> _REQUIRED WORK_: Skip the pictures and copy all the data that follows exactly.

> _EXERCISE DATA_:
++++++++++++++++++++

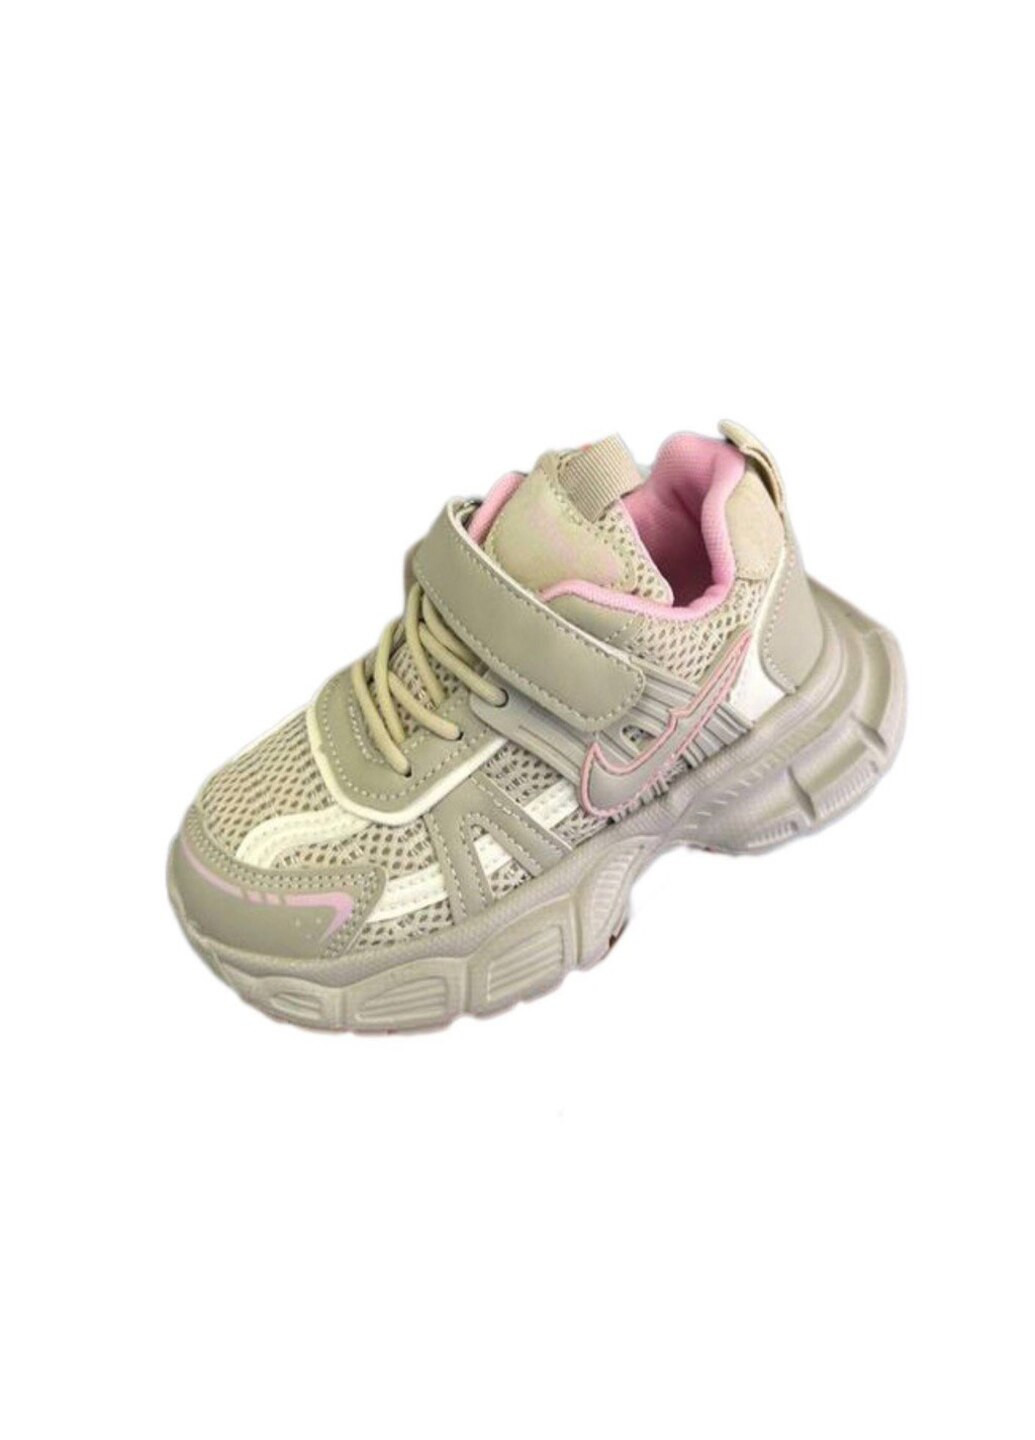 Бежевые демисезонные кроссовки для девочки clibee f8 31 19,5 см розовый кв0478-0 Bessky
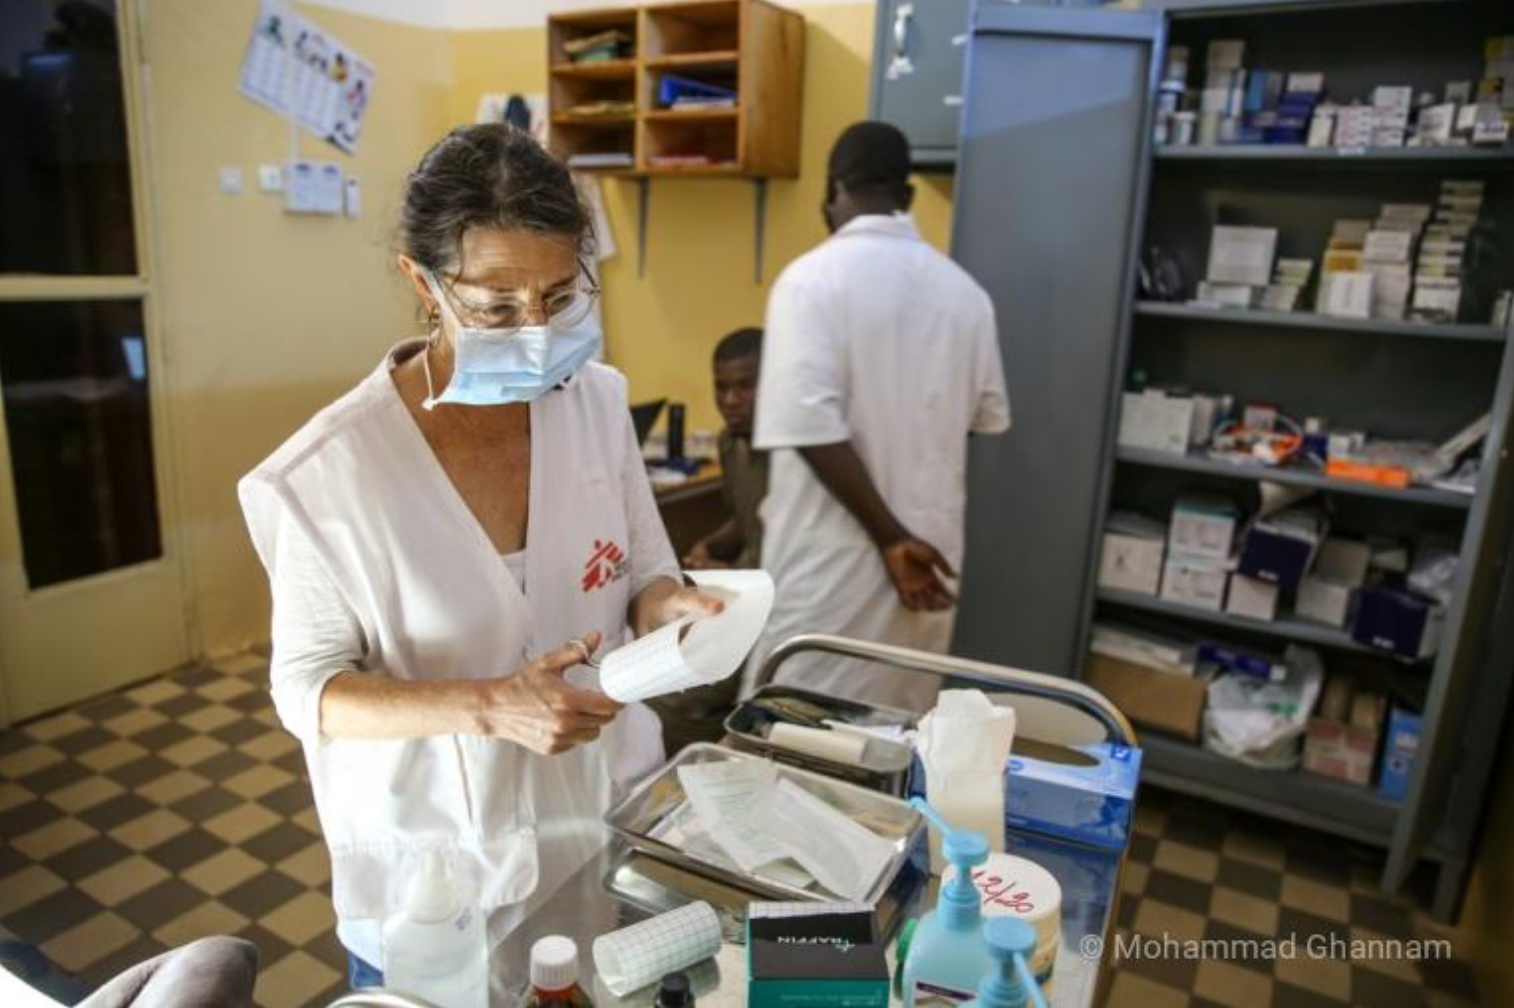 Médecins Sans Frontières mobilisée à Bamako aux côtés du ministère de la Santé malien
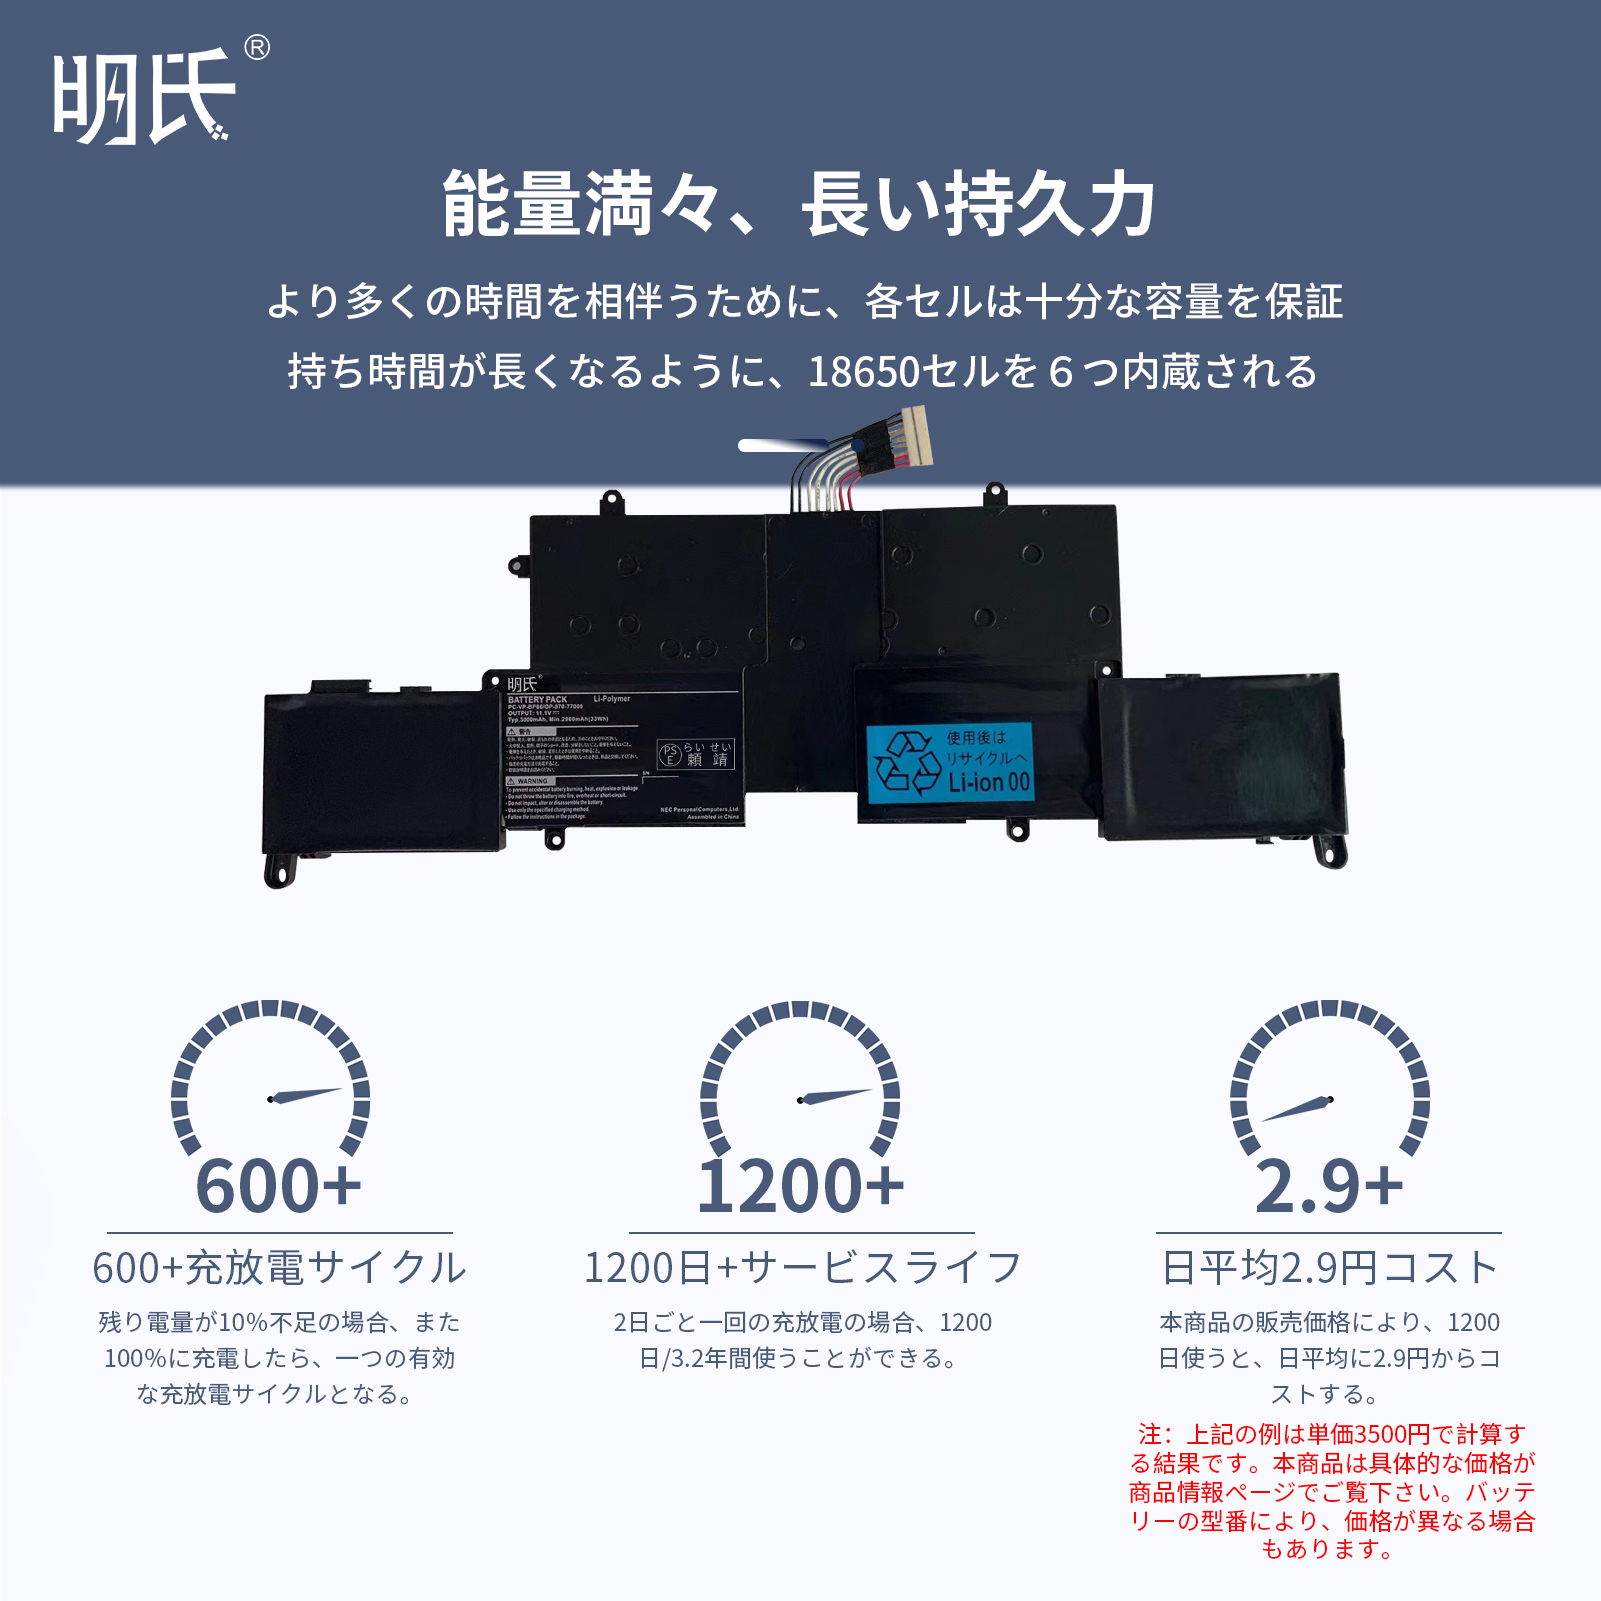 minshi】NEC LaVie Z PC-LZ550MSS【3000mAh 11.1V】対応用 高性能

++++++++++++++++++++

> _ANSWER SPACE_:
 Бежевые демисезонные кроссовки для девочки clibee f8 31 19,5 см розовый кв0478-0 Bessky
 Médecins Sans Frontières mobilisée à Bamako aux côtés du ministère de la Santé malien
 minshi】NEC LaVie Z PC-LZ550MSS【3000mAh 11.1V】対応用 高性能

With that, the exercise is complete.